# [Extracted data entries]
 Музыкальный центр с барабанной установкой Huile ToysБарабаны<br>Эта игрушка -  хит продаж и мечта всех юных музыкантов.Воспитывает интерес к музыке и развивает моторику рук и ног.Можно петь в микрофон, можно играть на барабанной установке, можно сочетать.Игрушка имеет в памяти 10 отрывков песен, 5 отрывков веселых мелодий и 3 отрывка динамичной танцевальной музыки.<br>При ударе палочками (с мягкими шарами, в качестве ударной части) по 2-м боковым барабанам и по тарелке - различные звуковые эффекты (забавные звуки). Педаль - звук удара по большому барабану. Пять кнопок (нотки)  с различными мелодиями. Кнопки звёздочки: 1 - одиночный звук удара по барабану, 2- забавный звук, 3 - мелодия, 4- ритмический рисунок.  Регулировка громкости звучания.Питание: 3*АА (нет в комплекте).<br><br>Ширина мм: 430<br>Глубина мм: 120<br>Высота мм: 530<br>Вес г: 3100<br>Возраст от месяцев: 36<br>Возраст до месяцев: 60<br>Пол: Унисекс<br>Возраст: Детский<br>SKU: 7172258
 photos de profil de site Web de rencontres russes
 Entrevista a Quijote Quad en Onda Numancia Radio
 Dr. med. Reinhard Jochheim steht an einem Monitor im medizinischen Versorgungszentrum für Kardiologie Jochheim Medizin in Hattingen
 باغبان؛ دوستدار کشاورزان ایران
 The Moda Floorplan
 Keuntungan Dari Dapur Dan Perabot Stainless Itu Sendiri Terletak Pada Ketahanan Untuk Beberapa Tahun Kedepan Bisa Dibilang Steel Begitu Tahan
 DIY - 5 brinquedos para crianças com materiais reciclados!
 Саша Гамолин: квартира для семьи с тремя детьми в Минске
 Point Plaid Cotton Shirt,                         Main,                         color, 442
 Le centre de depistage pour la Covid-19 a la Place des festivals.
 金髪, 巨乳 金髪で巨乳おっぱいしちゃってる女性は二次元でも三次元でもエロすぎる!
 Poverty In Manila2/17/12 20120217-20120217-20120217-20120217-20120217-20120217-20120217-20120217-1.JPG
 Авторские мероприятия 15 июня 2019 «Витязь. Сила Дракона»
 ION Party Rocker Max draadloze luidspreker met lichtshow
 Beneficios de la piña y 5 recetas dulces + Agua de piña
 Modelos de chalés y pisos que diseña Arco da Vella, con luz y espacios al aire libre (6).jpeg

# [WHAT THE TASK ASKS]
Your response should consist solely of the lines from the one containing "Le centre de" to the end of the entries, both ends included, exactly as they appear.

# [THE ANSWER]
 Le centre de depistage pour la Covid-19 a la Place des festivals.
 金髪, 巨乳 金髪で巨乳おっぱいしちゃってる女性は二次元でも三次元でもエロすぎる!
 Poverty In Manila2/17/12 20120217-20120217-20120217-20120217-20120217-20120217-20120217-20120217-1.JPG
 Авторские мероприятия 15 июня 2019 «Витязь. Сила Дракона»
 ION Party Rocker Max draadloze luidspreker met lichtshow
 Beneficios de la piña y 5 recetas dulces + Agua de piña
 Modelos de chalés y pisos que diseña Arco da Vella, con luz y espacios al aire libre (6).jpeg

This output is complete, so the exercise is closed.